Page 3 of Sting

While making his selections, Shaw’s cell phone vibrated. He excused himself to take the call and left the terrace for one of the open-air rooms that accessed it. The study was opulently furnished. Too opulently. It attested to the owner’s youthful flamboyance and poor judgment.

Shaw answered his phone with a laconic “Yeah?”

A gravelly voice said, “You know who this is?”

Mickey Bolden.

Shaw had spent months trying to win enough trust to be granted an interview with the hit man. Bolden finally agreed to a meeting with Shaw, during which both were watchful and wary…of their surroundings, surely, but mostly of each other. In carefully coded language, Shaw had provided Mickey with his résumé and the extent of his experience in their unique field of endeavor.

Something, maybe his subtlety and disinclination to boast, had convinced Mickey that Shaw was competent.

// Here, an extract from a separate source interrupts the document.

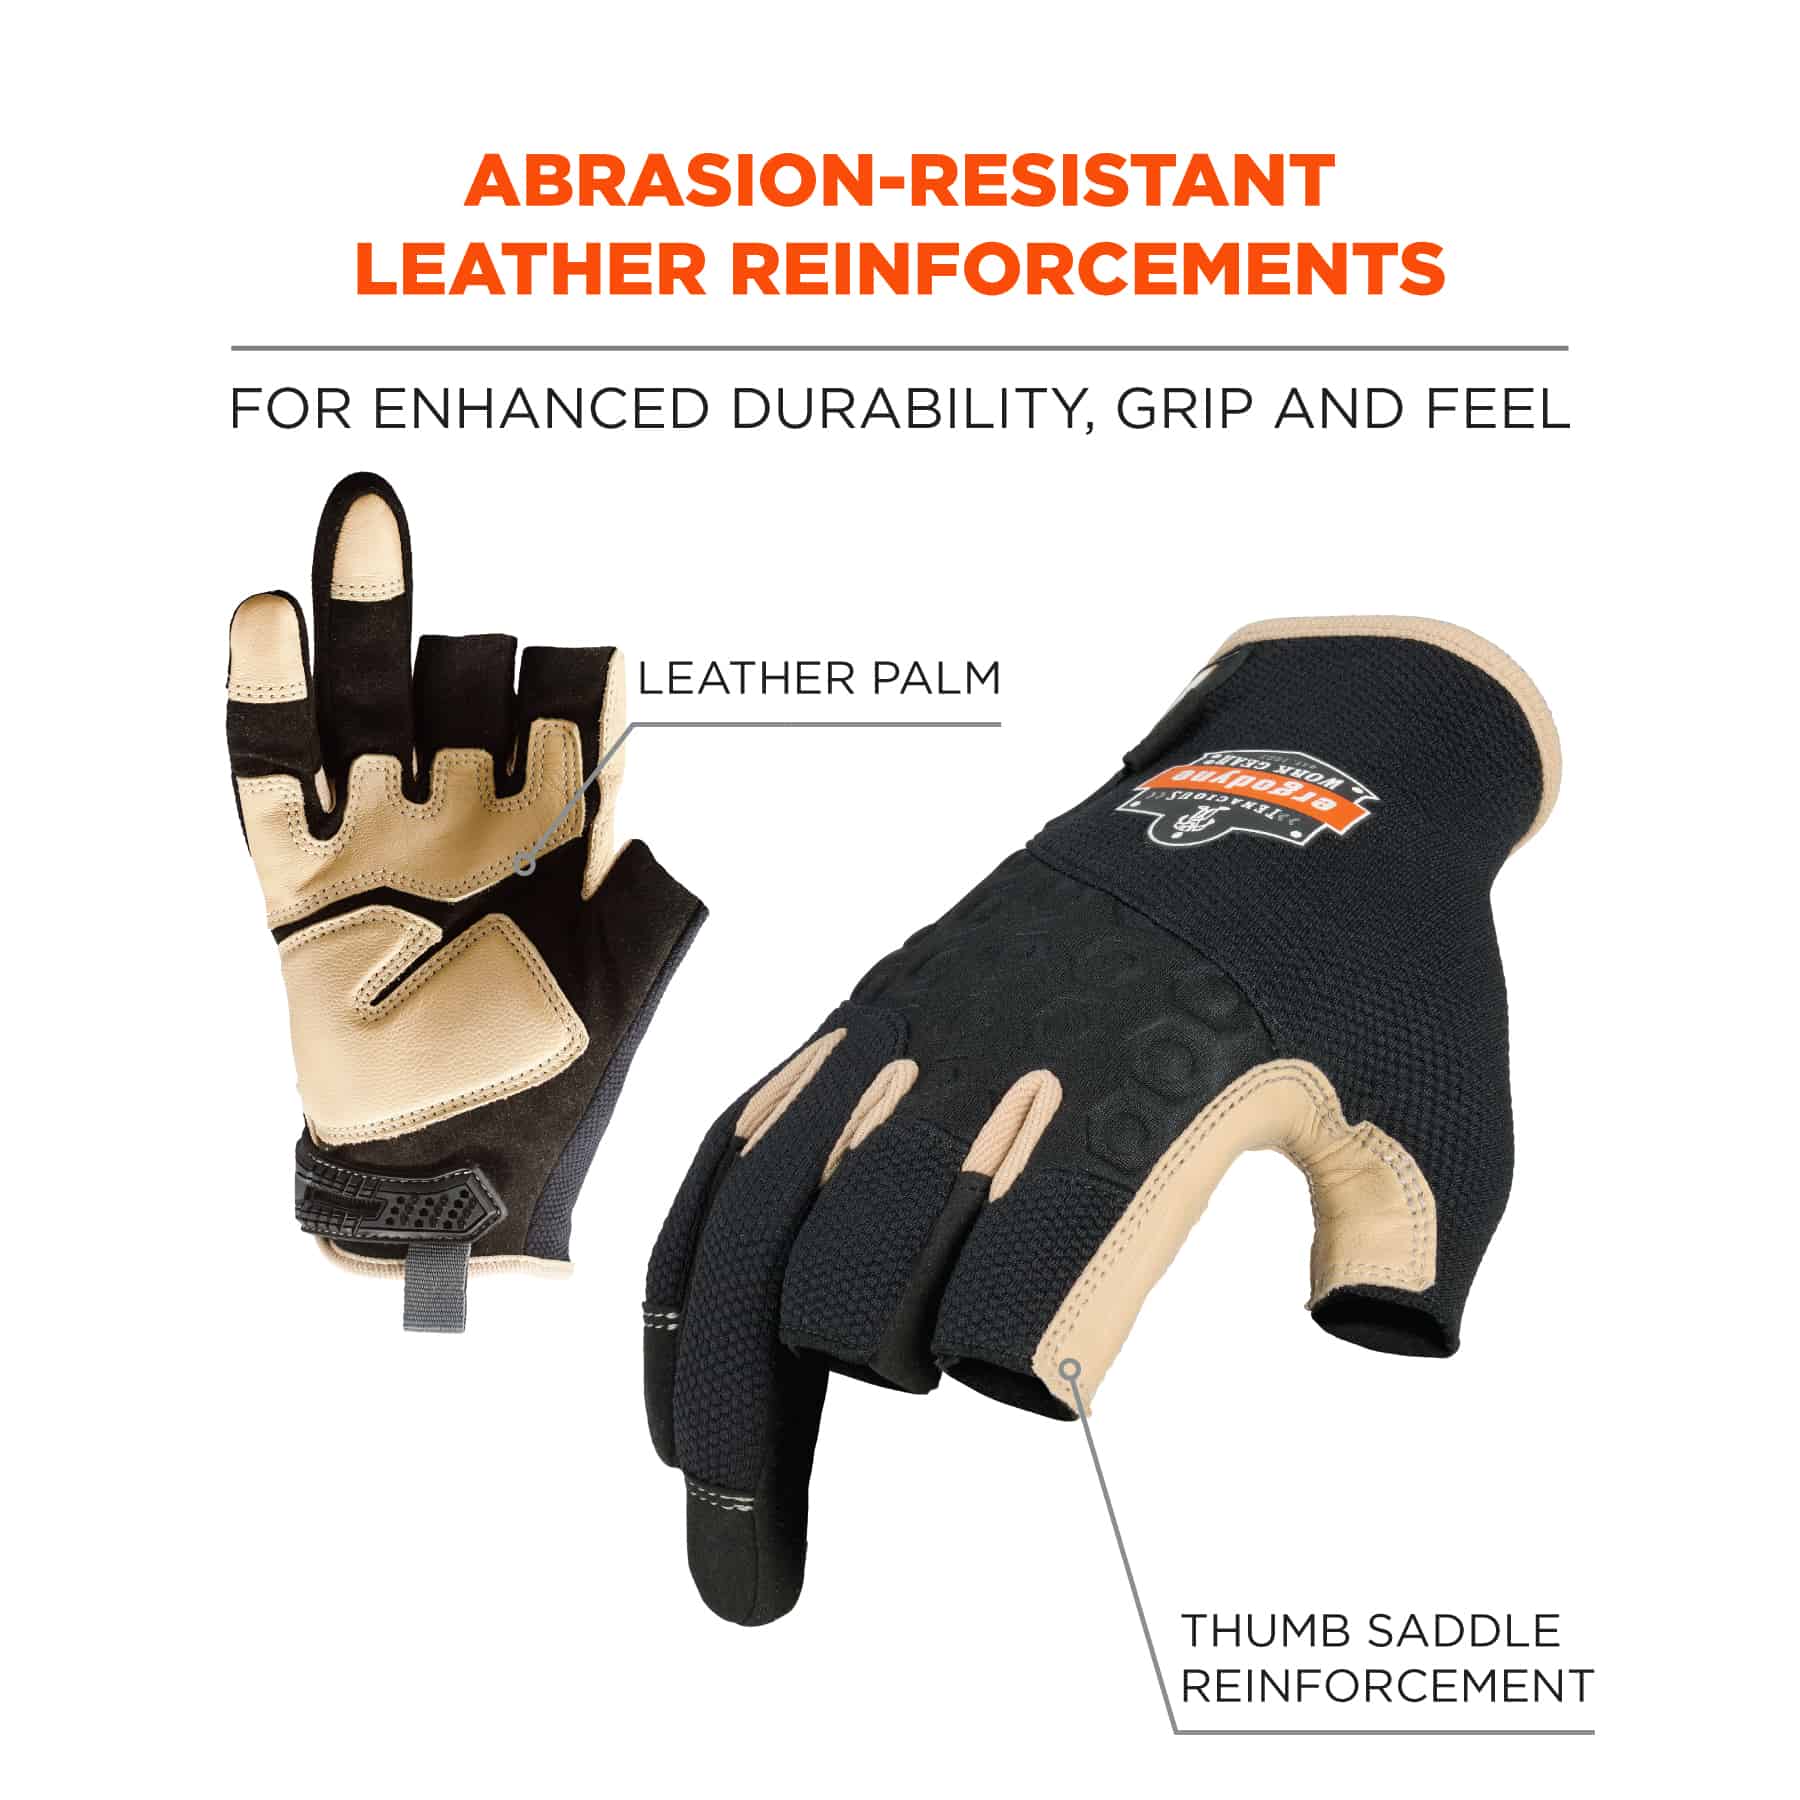 https://www.ergodyne.com/sites/default/files/product-images/17152-720ltr-heavy-duty-framing-gloves-abrasion-resistant-leather-reinforcements.jpg
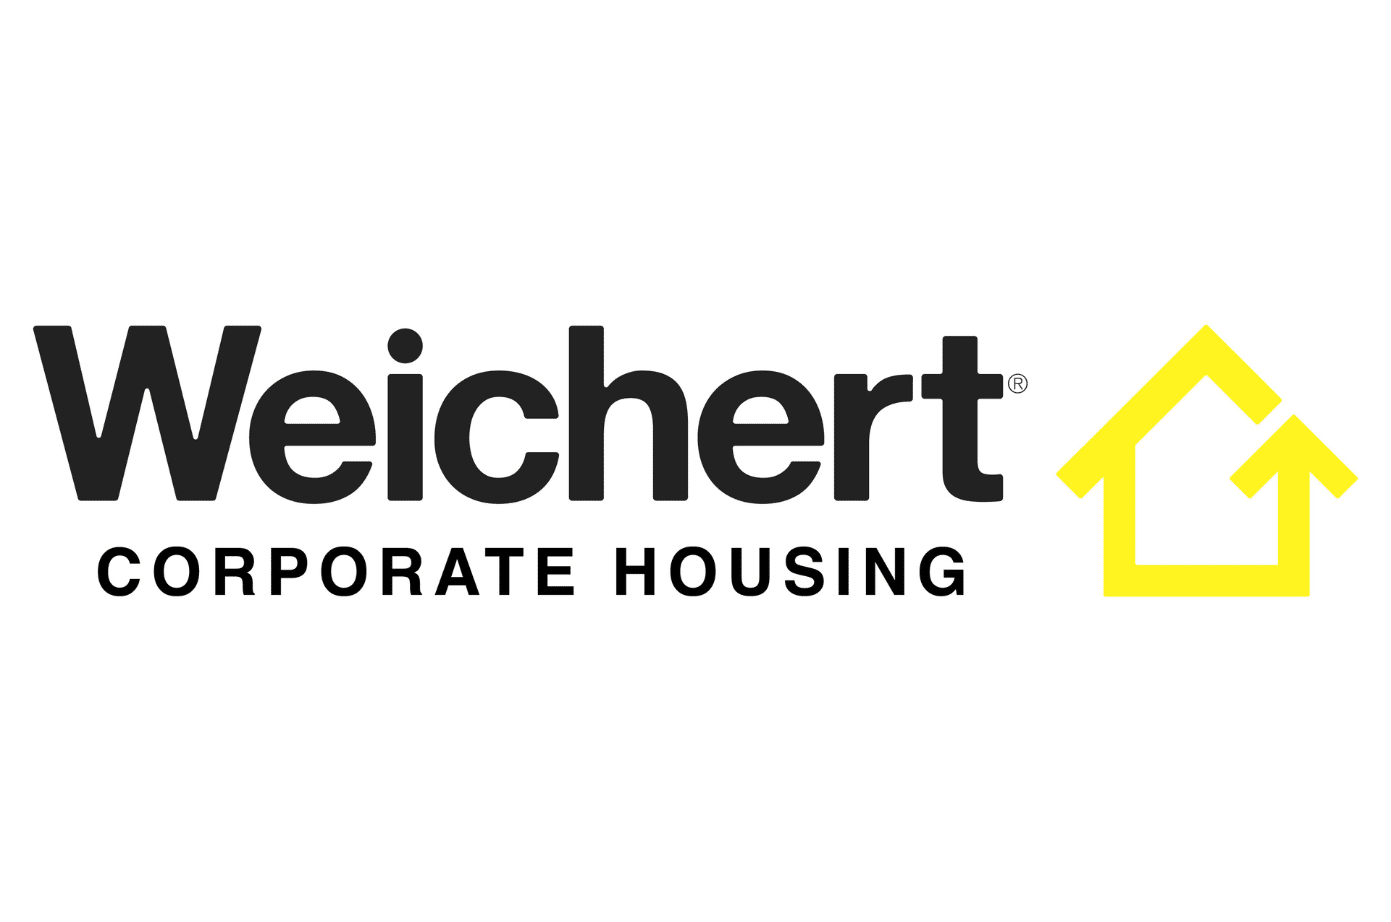 Weichert Corporate Housing Earns Industry’s Highest Service Scores in Nationwide Survey

At the conclusion of their coffee date, Mickey said he would be in touch should the need for Shaw’s services ever arise. That had been six months ago. Shaw had almost given up hope of hearing from him.

“You still want a job?”

Shaw glanced out onto the terrace where the dessert course had deteriorated into a full-fledged orgy. “One-man show?”

“You partner with me.”

“Must be a special gig.”

“You want it or not?”

“What’s the split?”

“Fifty-fifty.”

You couldn’t get more fair than that. “When do you need me?”

“Thursday.”

That had been Tuesday evening, leaving Shaw very little time to wrap up his job there and get to New Orleans by the appointed time.

He’d had a hundred more questions for Mickey Bolden, but, the opportunity being too good to pass up, and figuring he would get the details of the contract soon enough, he’d put his curiosity on hold and told the man that he could count on him.

It had required some deft maneuvering and tortuous travel, but he’d finished his business in Mexico that night and managed to reach Louisiana with time to spare. He and Mickey had rendezvoused yesterday and then had driven together to the township of Tobias this morning.

They’d spent the day reconnoitering and developing a strategy for how best to go about killing Jordan Elaine Bennett, owner of Extravaganza, a much-sought-after event planning business in New Orleans. She was sister to and only living relative of Joshua Raymond Bennett, a much-sought-after crook.

He and Mickey had followed Jordie Bennett around town as she ran mundane errands. At a little after six p.m. this evening she’d returned home. They’d waited three hours, but she didn’t reappear. Believing their target had settled in to spend a quiet Friday night at home, he and Mickey had gone to a local diner for dinner. Over tough steaks and greasy fries, Mickey outlined a plan of attack.

Shaw had expressed surprise when Mickey had identified their target the day before. Now he questioned the expediency of the hit. “Why tomorrow?”

“Why not?”

“Seems rushed. I figured we’d watch her for a few more days, get a better feel for her routine, then pick the best place and time.”

“Panella picked our time,” Mickey said as he sawed into his T-bone. “And the customer is always right. He wants it done tomorrow, we do it tomorrow.”

“He’s under a deadline?”

“Looks like.”

Following dinner, they’d decided to wash down the bad food with a drink before making the hour drive back to New Orleans. This bar had been recommended by the diner’s busboy, whose standards obviously weren’t very high.

However, it had suited their purposes, because in no-name places like this everyone kept his head down.

Jordie Bennett sure as hell did. As Shaw continued walking along the bar toward her, she was concentrating hard on her glass of wine as though waiting for it to ferment some more. When he reached the end of the bar, he didn’t break stride, but walking right past her, he caught a whiff of expensive perfume. A spicy scent. Something exotic and elusive that would make a man want to conduct a sniffing search for its source along all sixty-six inches of her.

He didn’t stop till he reached the listing Wurlitzer against the wall. Standing in the multicolored glow of its bubbling tubes, he propped his forearm on the arced top. The stance put his body at a slight angle so that while he flipped through the song selection cards pretending interest, he could use his peripheral vision to keep an eye on Jordie.